Place of Origin: Tibet

Date: Late 19th Century to Early 20th Century

L-Shaped Element’s Overall Length: 147mm

Square Element’s Overall Length: 40mm

Reference: 124

Status: Sold

Full Description:

These two highly unusual iron elements are from a Tibetan horse bridle.  The largest piece is a T-shaped plaque which would sit on the junction of the headstall straps.  It depicts a large dragon (a common theme in Tibetan ironwork) and a unicorn (Tib. bse ru).  The depiction of the unicorn in this application is highly unusual, and the pony-like stature of the animal suggests it is inspired by a typical Tibetan horse known as a Nangchen horse—a small breed native to the Kham region and thought to have been thoroughbred since the 9th century.  They became known to the western world as late as 1994 due to the exploration of French anthropologist Michel Peissel (1). Powerful and fast, they are said to contain no ancestry from any of the common sources of other Tibetan pony breeds, nor Mongolian, Arabian or Turkish horse blood (2).

The smaller square element was probably used at the end of one of the straps and depicts a bird with its head facing backwards. It is likely a heron, with a characteristic head-crest. 

The bifurcating scrolls which provide background decorations for both elements are used widely on Tibetan ironwork and provide a useful tool for dating.  The larger symmetrical scrolls we see here are indicative of 19th and 20th century production, although the overlapping that can be seen is a slightly earlier trait.  In addition to these findings, the unusual depictions of animals help us place the object’s date in the later centuries, when craftsmen began to break earlier boundaries. 

The traces of copper on the surface give us our final clue to dating the object, and they are an indication that the pieces were once gilded.
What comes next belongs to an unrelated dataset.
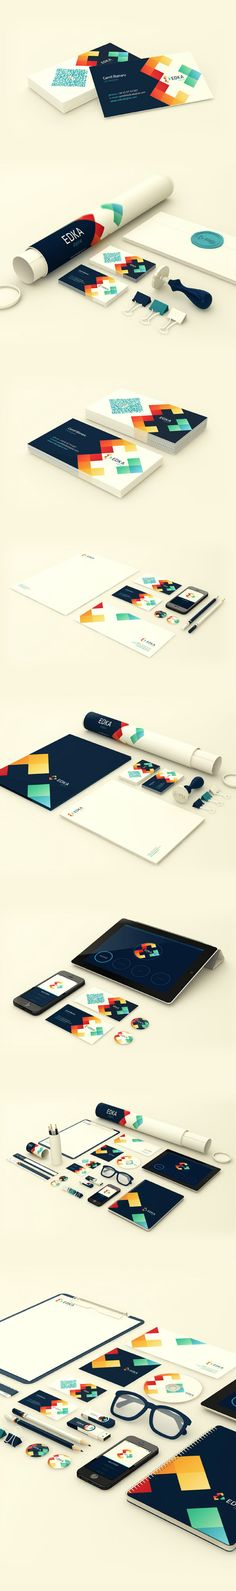 Unique Branding Design, Edka Digital #Branding #Design (http://www.pinterest.com/aldenchong/)

La Rocca (3) explains that mercury gilding (also called fire gilding) is a technique used for applying gold to silver, bronze or copper alloys. However, La Rocca observes that it does not appear to have been used on Tibetan objects made of iron until the late 19th or early 20th century.  Mercury gilding is executed with a paste (amalgam) made from gold and mercury.  This is applied to a ground that has been coated with a thin layer of copper or copper sulphate.  The work is then fired, which drives off the mercury, and the fine layer of gold remaining is then burnished. The use of such plaques and elements can be seen on a bridle in the Metropolitan Museum which is also dated to the 19th or 20th century: acc.no.2003.230.1-.3a-e (4). 

These bridle elements are mounted on a contemporary Perspex stand.

(3) La Rocca, Warriors of the Himalayas: Rediscovering the Arms and Armour of Tibet, 2006, p.15, no.124.

(4) La Rocca, Warriors of the Himalayas: Rediscovering the Arms and Armour of Tibet, 2006, p.236, no.124.